• Exercise description
Output the full listing below exactly; the images stay out.

• Data shown
BEGIN

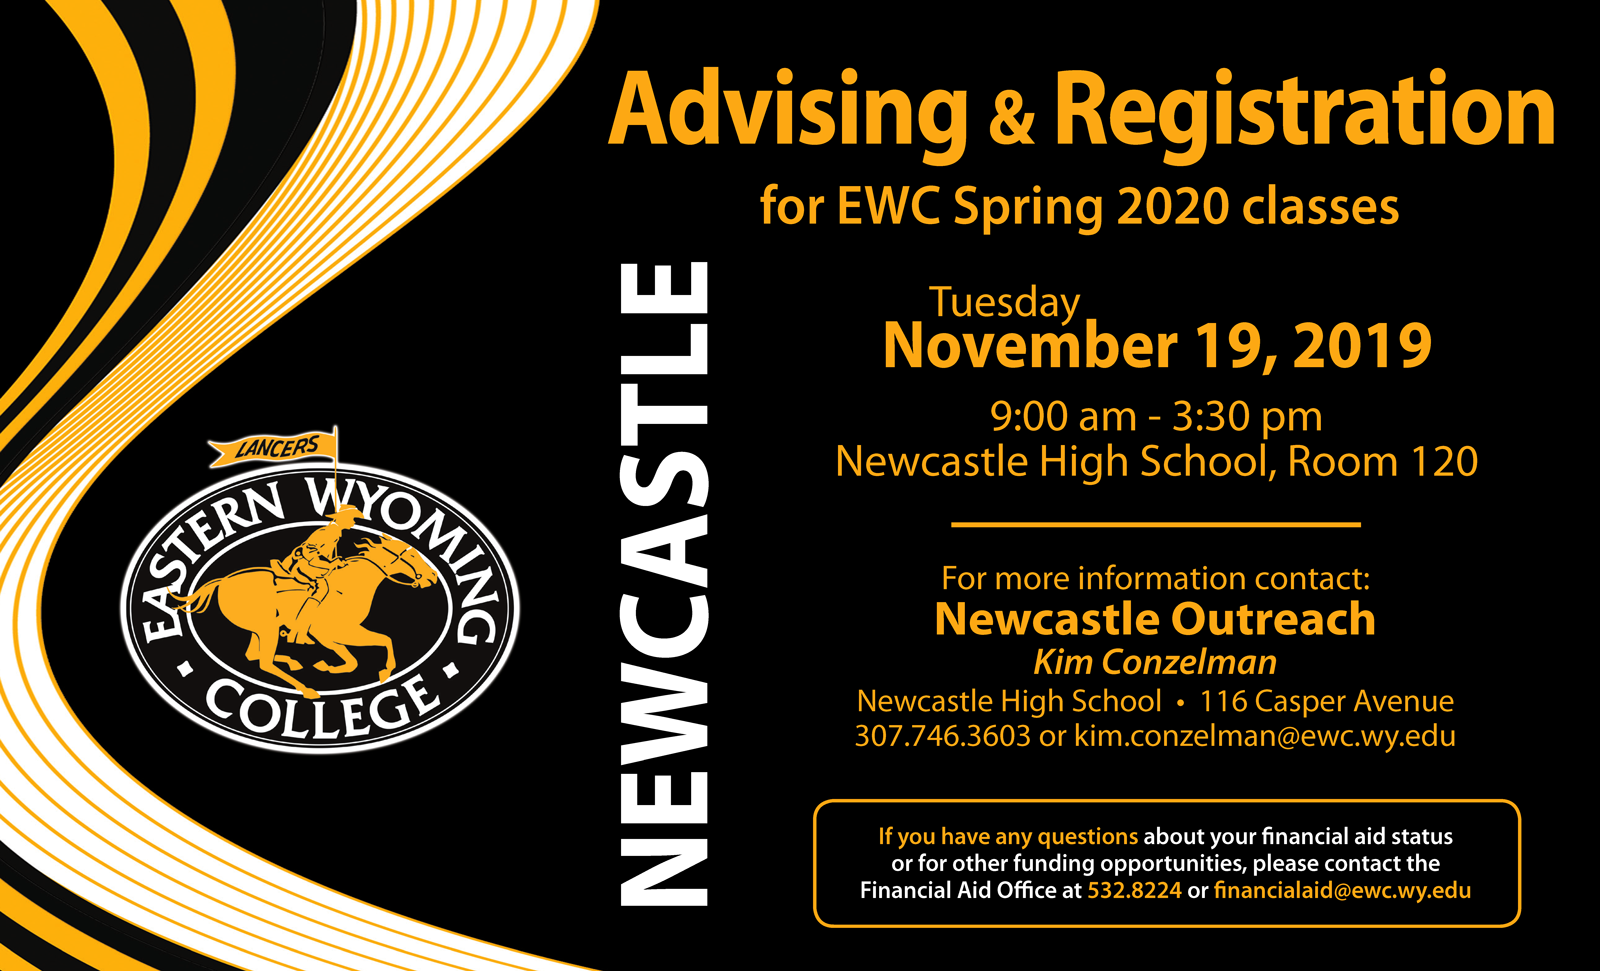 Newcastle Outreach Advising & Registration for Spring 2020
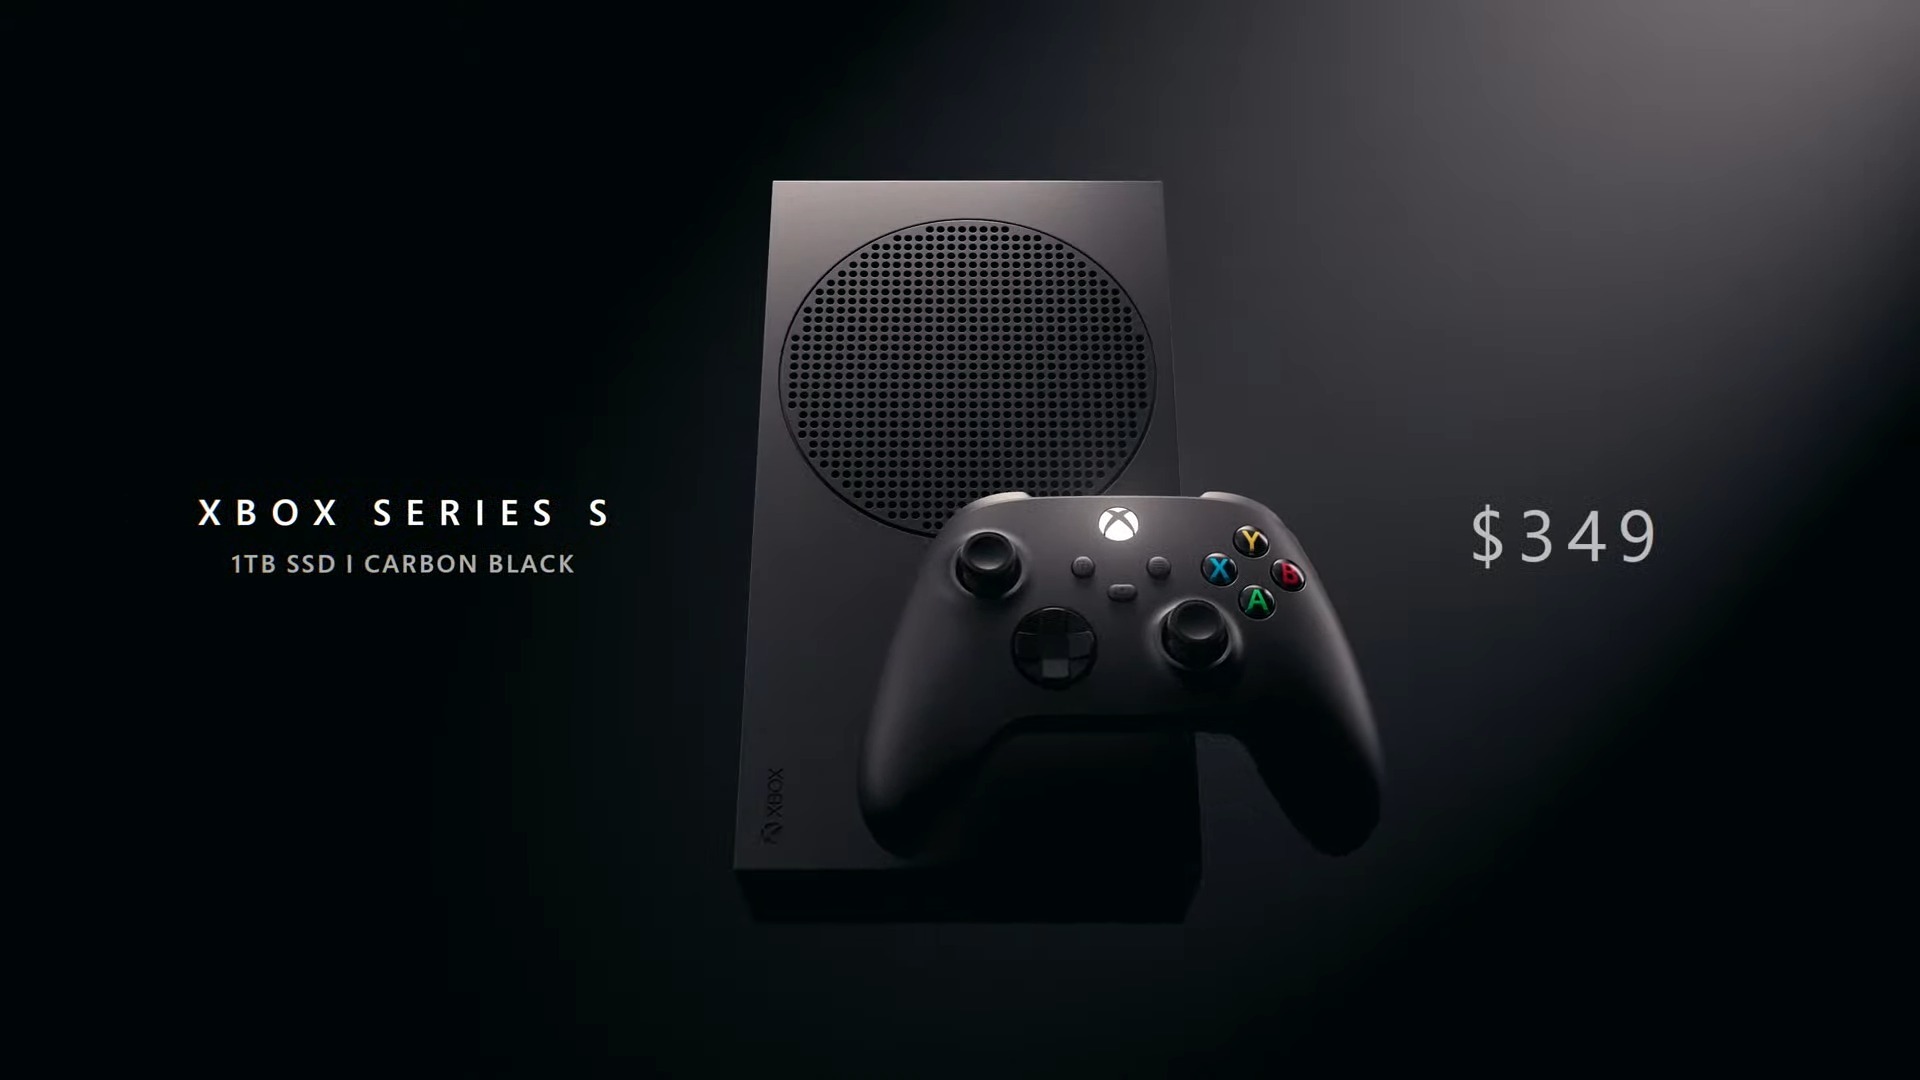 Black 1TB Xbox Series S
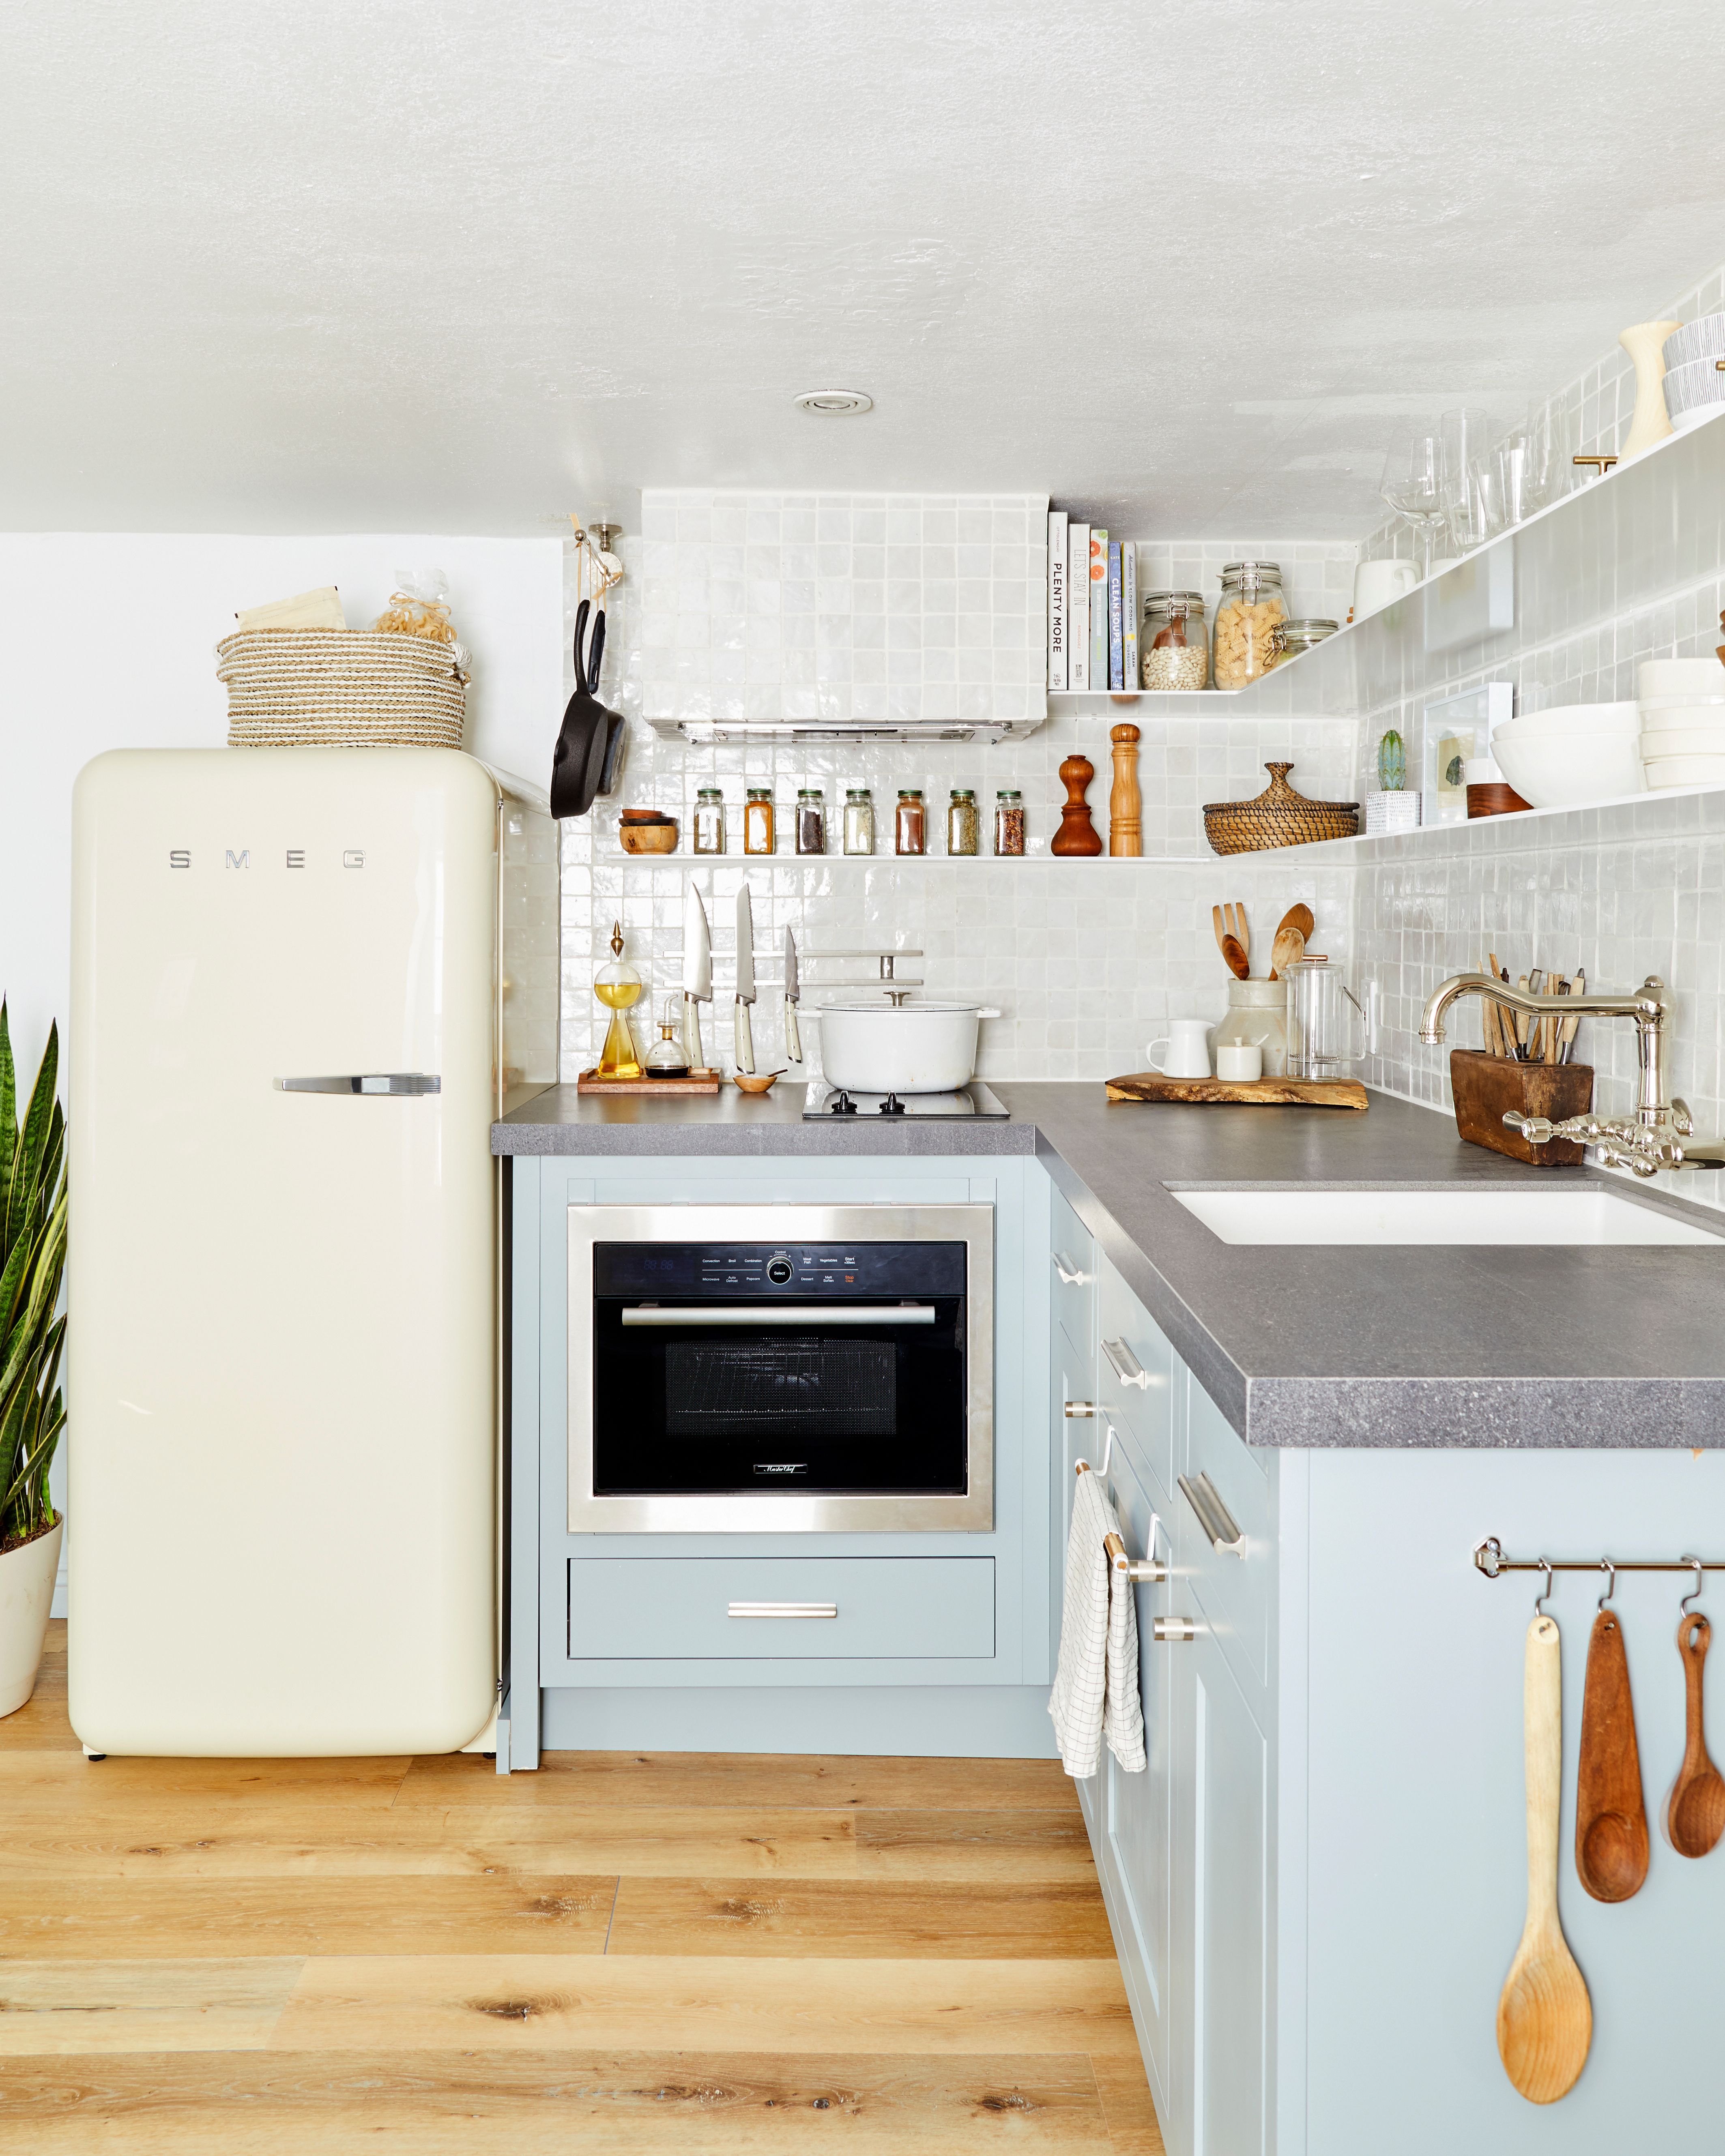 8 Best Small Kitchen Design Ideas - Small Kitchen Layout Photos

END

• Written solution
 Newcastle Outreach Advising & Registration for Spring 2020
 Black 1TB Xbox Series S
 8 Best Small Kitchen Design Ideas - Small Kitchen Layout Photos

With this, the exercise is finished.